Ever since a United Nations Agency included Igbo Language as part of the endangered languages of the world, many Igbos are rallying together to stem a demise of Igbo Language and Culture. This week there is an international festival going on in Baltimore Maryland dedicated to one issue-The preservation of Igbo Language and Culture. Igbo language schools, programs or workshops are springing up in many places outside Igboland including Accra Ghana, South Africa, Finland, Ontario Canada, Saskatchewan Canada, Tokyo Japan, Asia, Australia, Baltimore Maryland, Detroit Michigan, Boston Massachusetts and many others. Here in this installment, ABW spoke to Mazi Ben Aduba, the Headmaster of Igbo Language School of New England. Enjoy this informative interview !
ABW: Mazi Aduba welcome to ABW VIP interview series. We are glad you have taken out some time to talk to ABW about your Igbo School program in Boston
Aduba Thank you very, very much for inviting me. I am glad to do it.
ABW: Please can you tell us what type of Igbo School program you have in Boston?
Aduba: Our school goes by the name of Igbo Language School of New England because it is owned and operated by Igbo Organization of New England (IONE). Even though the name implies Igbo language, we are trying to teach the language in context of Igbo culture because a language is an embodiment of the believes and lives of a people. We teach Igbo history, culture, religious beliefs, ceremonies, etc.
ABW: What is your position in your School?
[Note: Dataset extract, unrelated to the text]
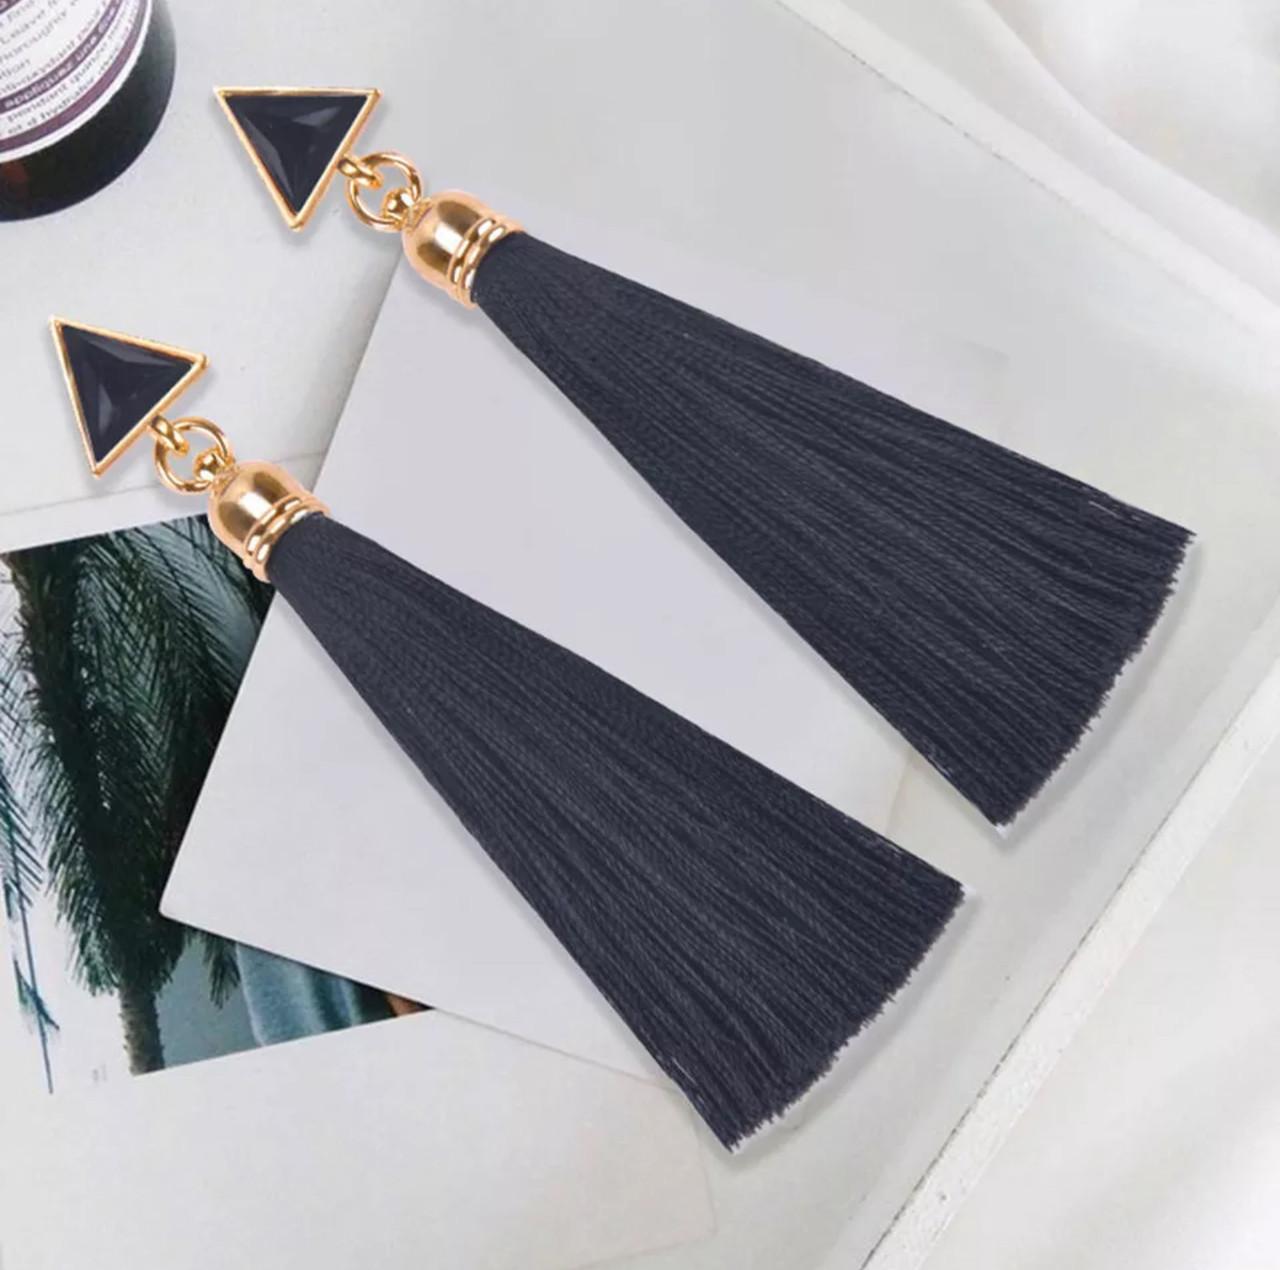 Серьги/сережки женские длинные кисточки из ниток с подвеской «Art deco»(черный)
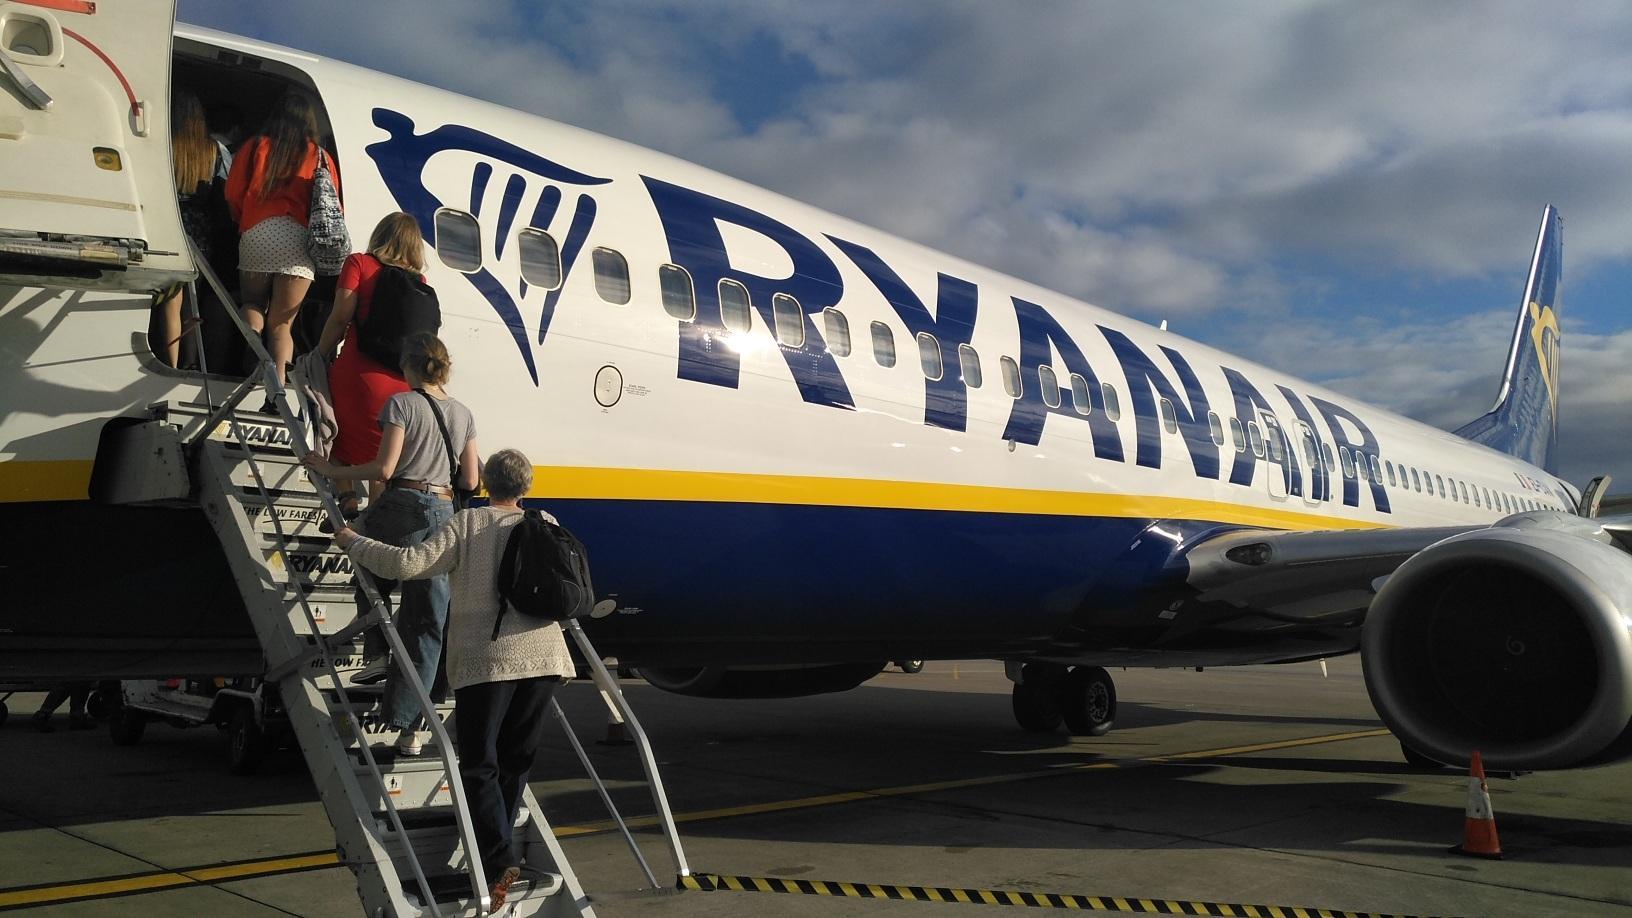 d354356a0 Facua-Consumidores en Acción y la Organización de Consumidores (OCU) se  rebelan en contra de Ryanair por cobrar a partir del próximo mes de  noviembre el ...

Aduba: My official title is Headmaster. As the name implies my most important role has to do with the master (teaching) aspects of the school. Running a school involves a lot more than teaching. You need students, infrastructure (building, classrooms), you need parents and teachers, money and a thousand different things. That heavy lifting is done by Dr. Ejike Eze who is the president of IONE and his executive committee. I am lucky that Dr. Eze is uniquely qualified for this work and is the brain behind the idea. He holds Bachelors and Masters degrees in Igbo Language from the University of Lagos (UNILAG), a master’s degree in Linguistics from University of Cambridge (England) and a PhD in Linguistics from University of Ottawa Canada. His commitment to Igbo language and culture is beyond belief. Besides the president I have a very capable assistant headmaster by the name of Chinwe Kate Okoye. Mrs. Okoye is a professional teacher and has taught in Boston area schools for close to 30 years. She knows the ins and outs of public education. When you combine my over three decades of teaching with another three decades from my assistant headmaster and Eze’s intellectual power, you get the necessary ingredients for a well-run school. They make the job of headmaster a walk in the park.
ABW: How long has your school been operating in Boston?
Aduba: We have been in existence for three years during which we have grown every semester. About 100 students have passed through our school. We are developing a core set of students whose mastery of Igbo language is something to be proud of.
ABW: What are the goals and objectives of your Igbo School?
Aduba: Our most fundamental objective is to help raise well-rounded Igbo children who understand and propagate their language and culture. We want them to be able to understand what being Igbo is all about. This understanding would be demonstrated by the ability to speak the language; to understand our culture; to participate in various initiations such as iba mmonwu for the boys, which signify adulthood, and comparable rites of passage for girls; to teach them the long meritorious history of the Igbo and if possible make them proud of their heritage. Our other objectives include preparing them to be contributors to the Igbo community and the broader communities they live in.
ABW: Who are your typical students?
Aduba: We really have no typical student as we are open to admitting anybody interested in learning about the Igbo. But most of our students were born in USA by Igbo parents, some of the parents are both Igbo and some are products of mixed parenthood Igbo/British, Igbo/American, etc. They would be anywhere from K-12. We have four main classes: Junior, middle, senior and advanced. In the advance class the goal is to do all the teaching in Igbo, or at least 90% of the time. This class uses all the modern gadgets in education and meets both formerly on Saturdays like the rest of the school and over the internet over the week. They are usually the sons and daughters of parents who are very much vested in Igbo culture.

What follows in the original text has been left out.